The reaction to the new table partitioning feature in PostgreSQL 10 has been overwhelmingly positive, but a number of people have already astutely observed that there is plenty of room for improvement. PostgreSQL 10, already at beta3, will go GA some time in the next month or two, and presumably once it does, more people will try out the new feature and find things they would like to see improved. The good news is that there is already a substantial list of people, many of them my colleagues at EnterpriseDB, working on various improvements. The following list of projects is complete to my knowledge, but of course there may be projects of which I'm unaware especially at companies where I don't work. If you're working on something else, please leave a comment about it!
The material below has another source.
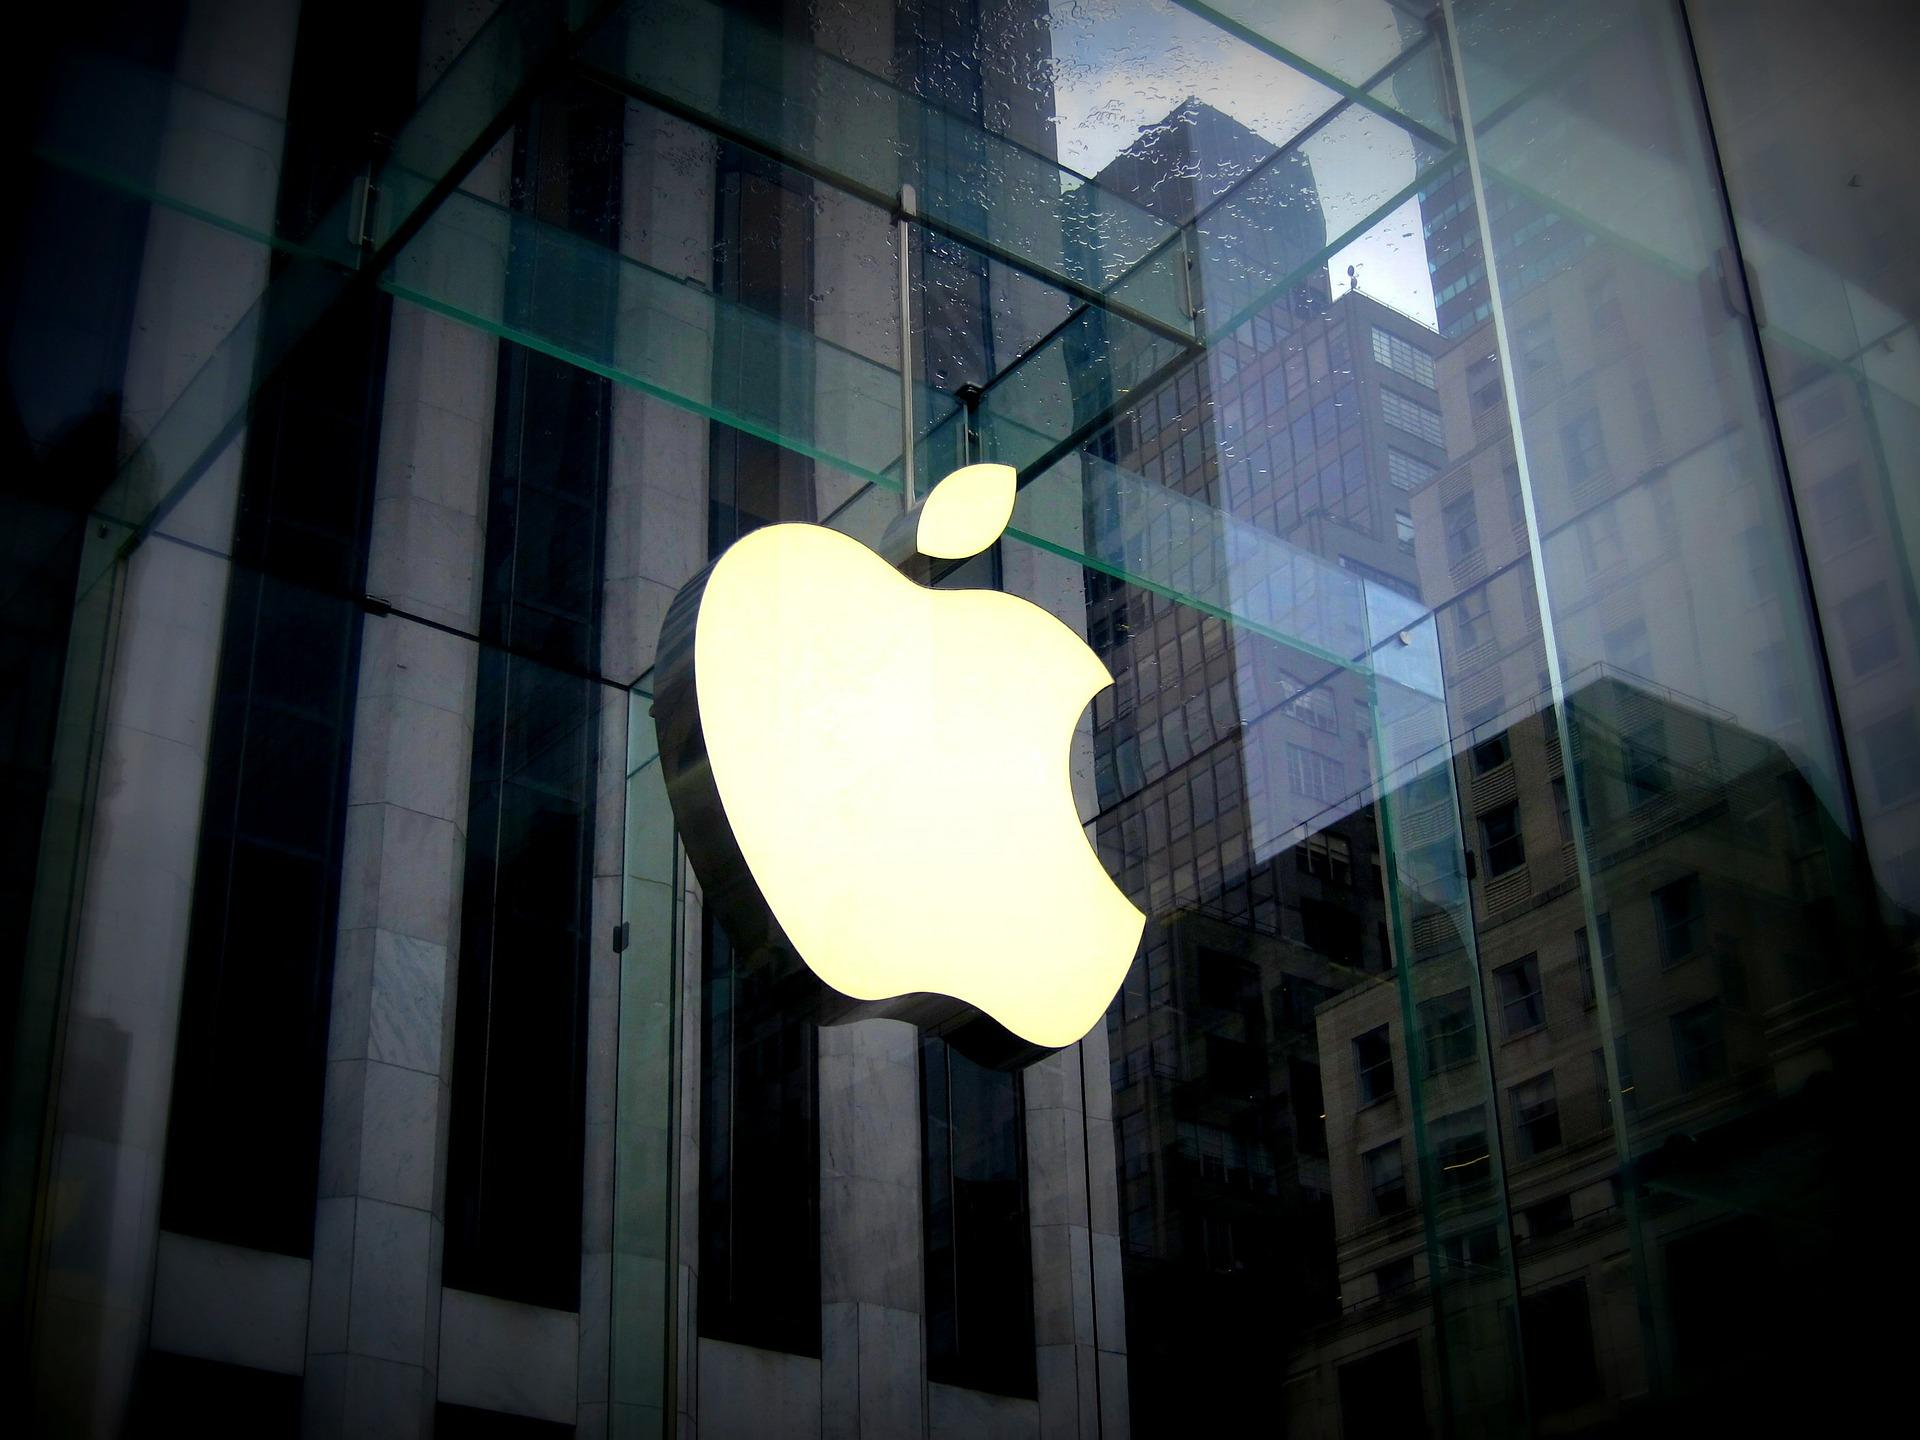 新型iPhoneの予約方法|2020年発売のiPhoneはどのキャリアが一番得するか?

[ Update 2018-05-10: Most of the projects mentioned below got committed to PostgreSQL 11 and are expected to appear in that release, barring late reverts. I've added updates below to cases where the feature didn't get committed, or where the project got taken over by someone other than the original author. ]
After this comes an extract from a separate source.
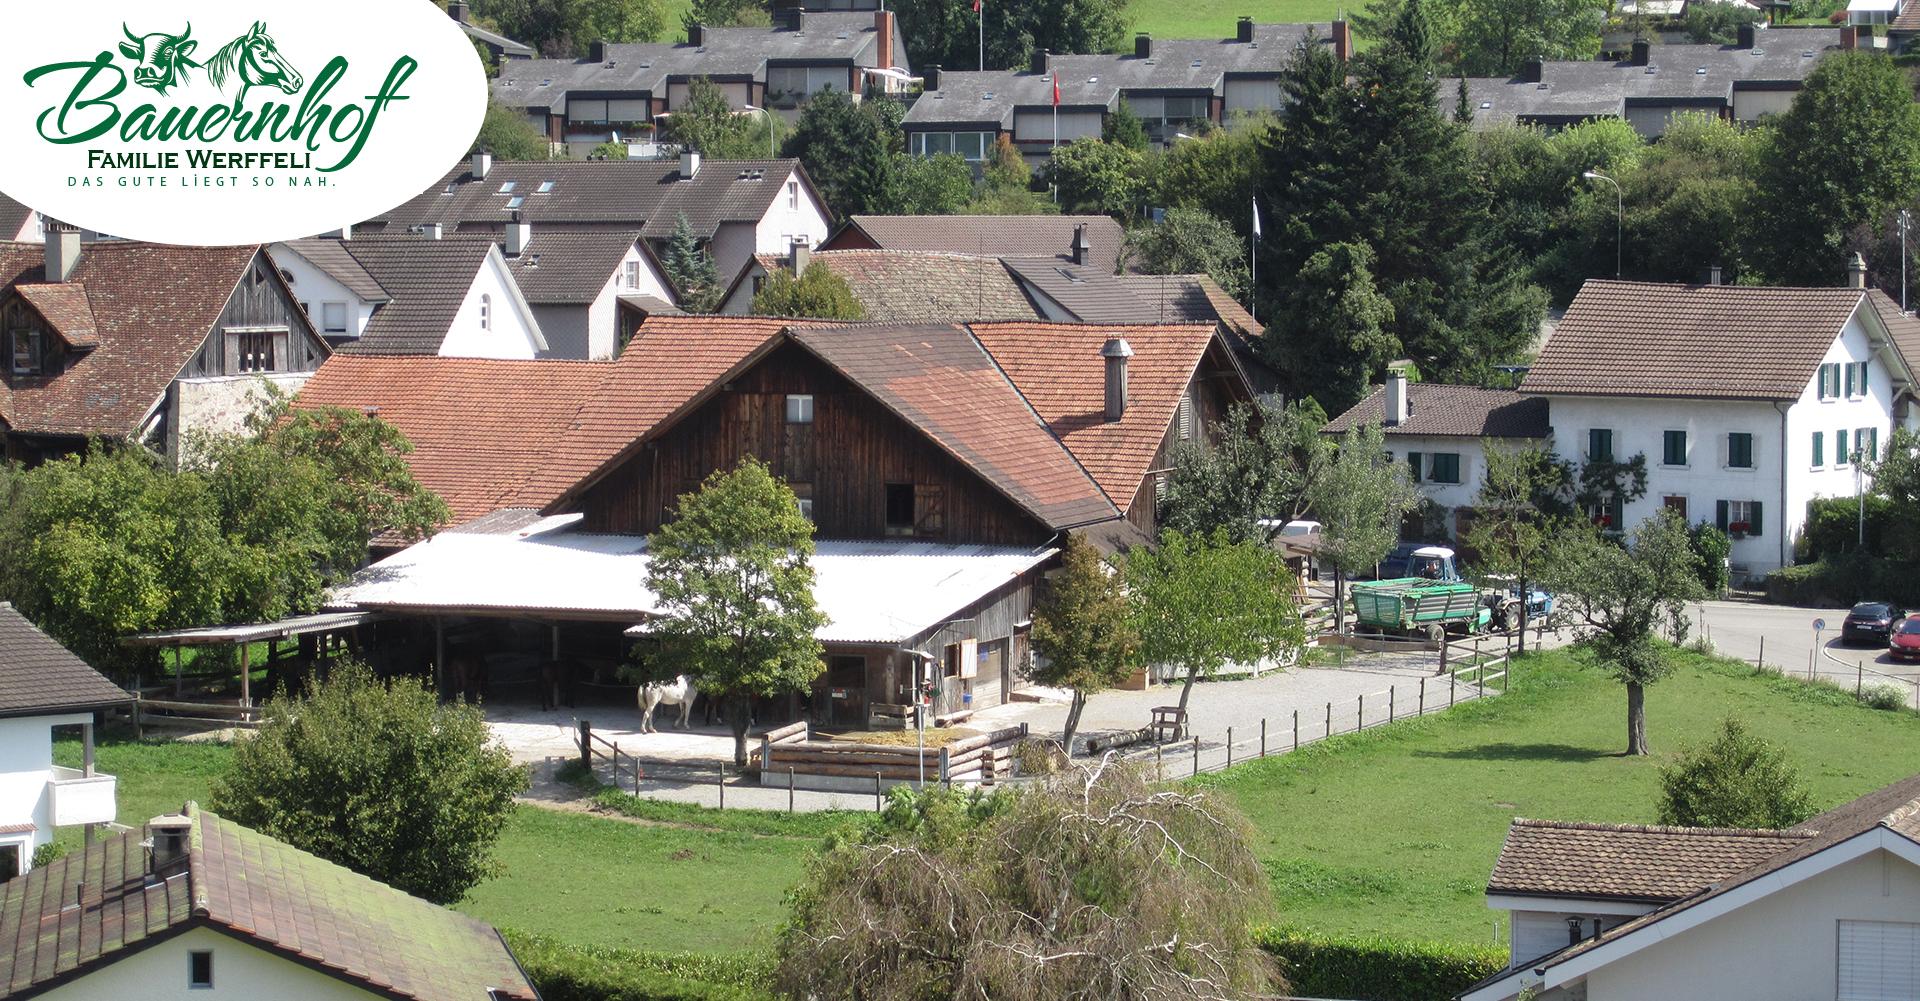 bauernhof-familie-werffeli-slide02

Amit Langote (NTT), the original author of the table partitioning feature, has just recently posted an important series of patches to expand inheritance hierarchies in bound order (hereinafter, EIBO). There are only minimal directly user-visible effects of this change: EXPLAIN output may be ordered differently, and results may show up in a different order (unless constrained using an ORDER BY clause). However, this change will make it much easier to implement various other desirable partitioning features, as will become clear from the discussion that follows. One such change is to allow bound-based partitioning pruning, a feature for which I understand that Amit is planning to post a patch in the near future. Currently, partitions are eliminated one-by-one by comparing the partition constraint (and any other constraints) against the query to determine which partitions can't possibly contain any matching rows. This means that the time to prune partitions is proportional to the number of partitions. With this feature, we'll be able to pick the exact partitions we want to keep and discard the rest in bulk, making this (hopefully) a lot faster.

Amit has also submitted a number of other patches around partitioning. One of these will re-enable INSERT .. ON CONFLICT DO NOTHING for partitioned tables; that was briefly enabled during v10 development but didn't end up enabled in the final version. Another, to which Ashutosh Bapat also contributed, will improve \d+ output for partitioned tables.
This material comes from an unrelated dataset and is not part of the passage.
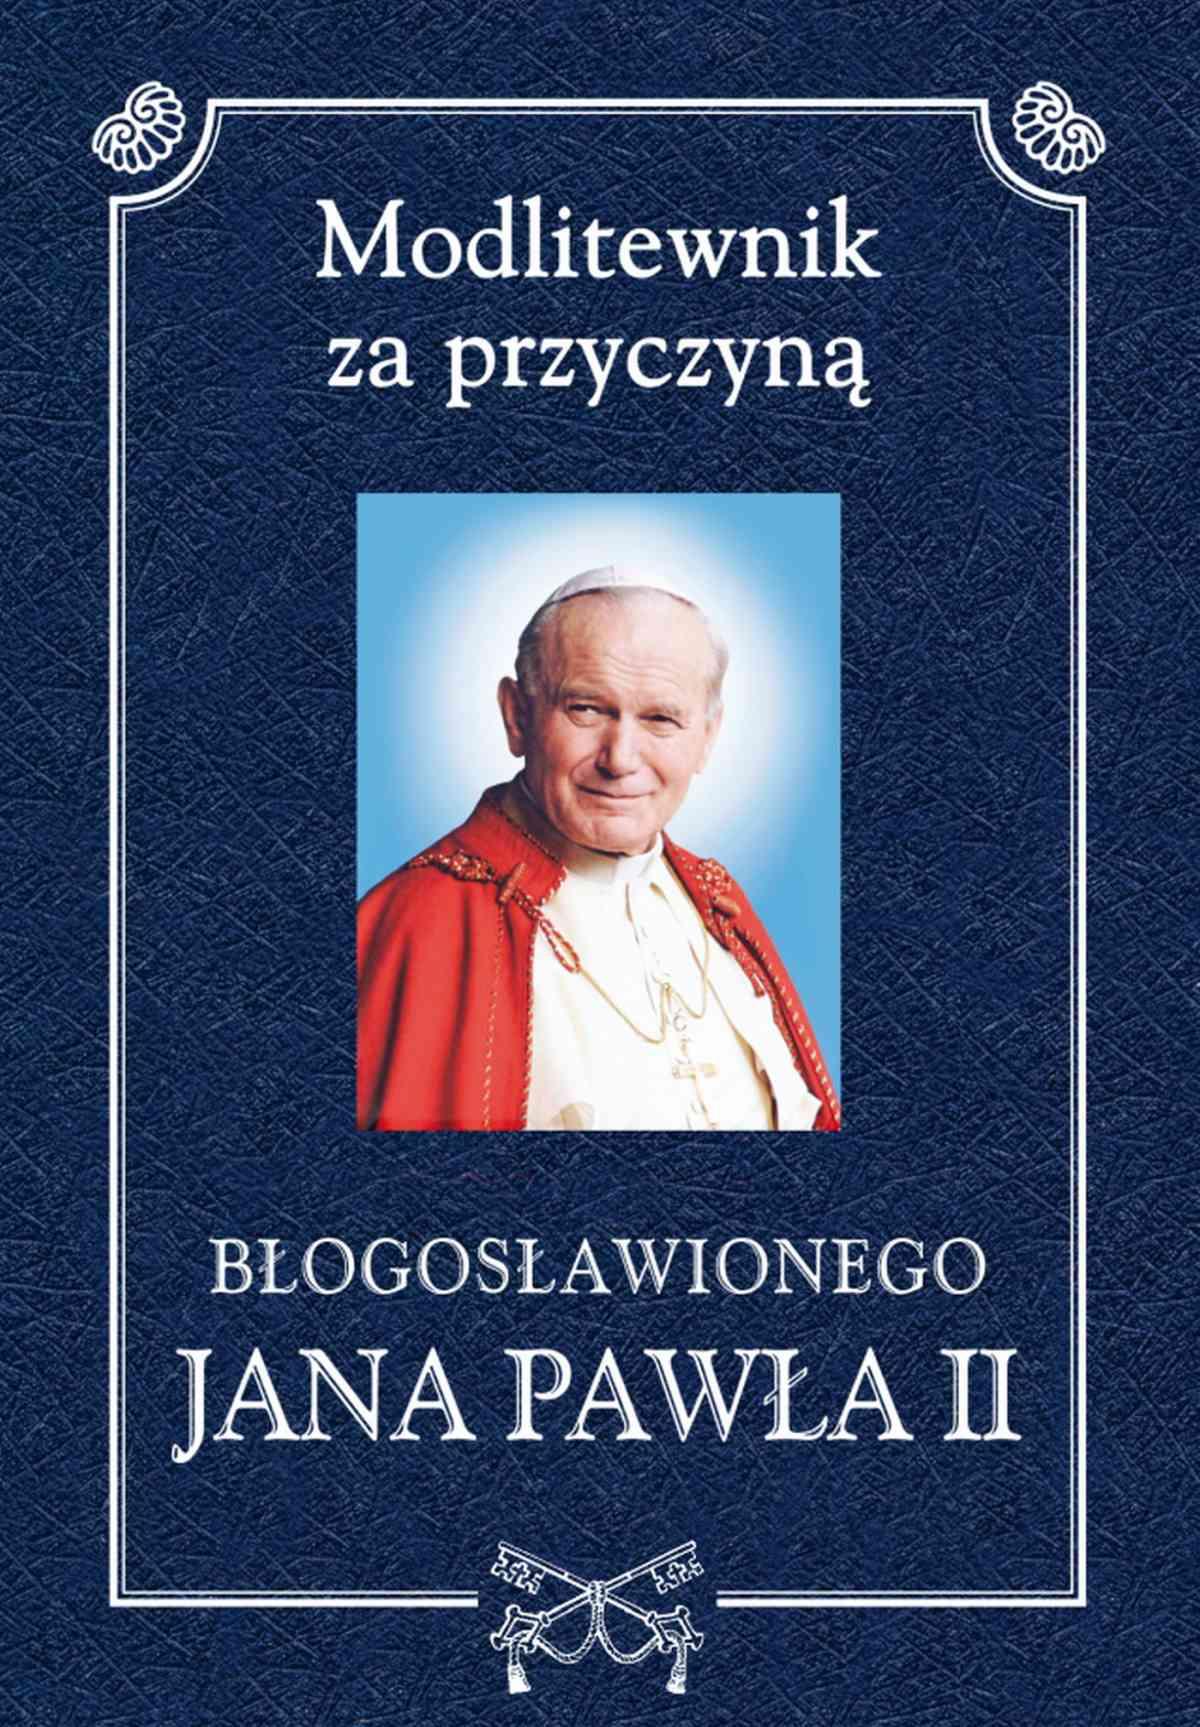 Modlitewnik za przyczyną błogosławionego Jana Pawła II - Ebook (Książka EPUB) do pobrania w formacie EPUB

Beena Emerson (EnterpriseDB) is currently developing a prototype patch for execution-time partition pruning. Currently, partitions are pruned only at plan time, which means that when the value of the partitioning key isn't known until execution time, no pruning is possible. For example, consider a nested-loop join between two partitioned tables where the inner table is index-scanned using a value taken from the outer table; suppose the indexed column is also the partition key. Right now, we'll index-scan every partition for matches, even though there's only one partition that could conceivably contain a match. Index scans returning no rows are pretty fast, but skipping them altogether should be a lot faster, especially when there are many partitions. Prepared queries using generic plans will also benefit; in such cases, the planner doesn't know what value will be supplied and therefore can't prune, but at execution time the value will be known and pruning will be possible. Since the idea is to make run-time partition pruning bound-based, it will require EIBO. [ David Rowley took over this work and Álvaro Herrera committed it. ]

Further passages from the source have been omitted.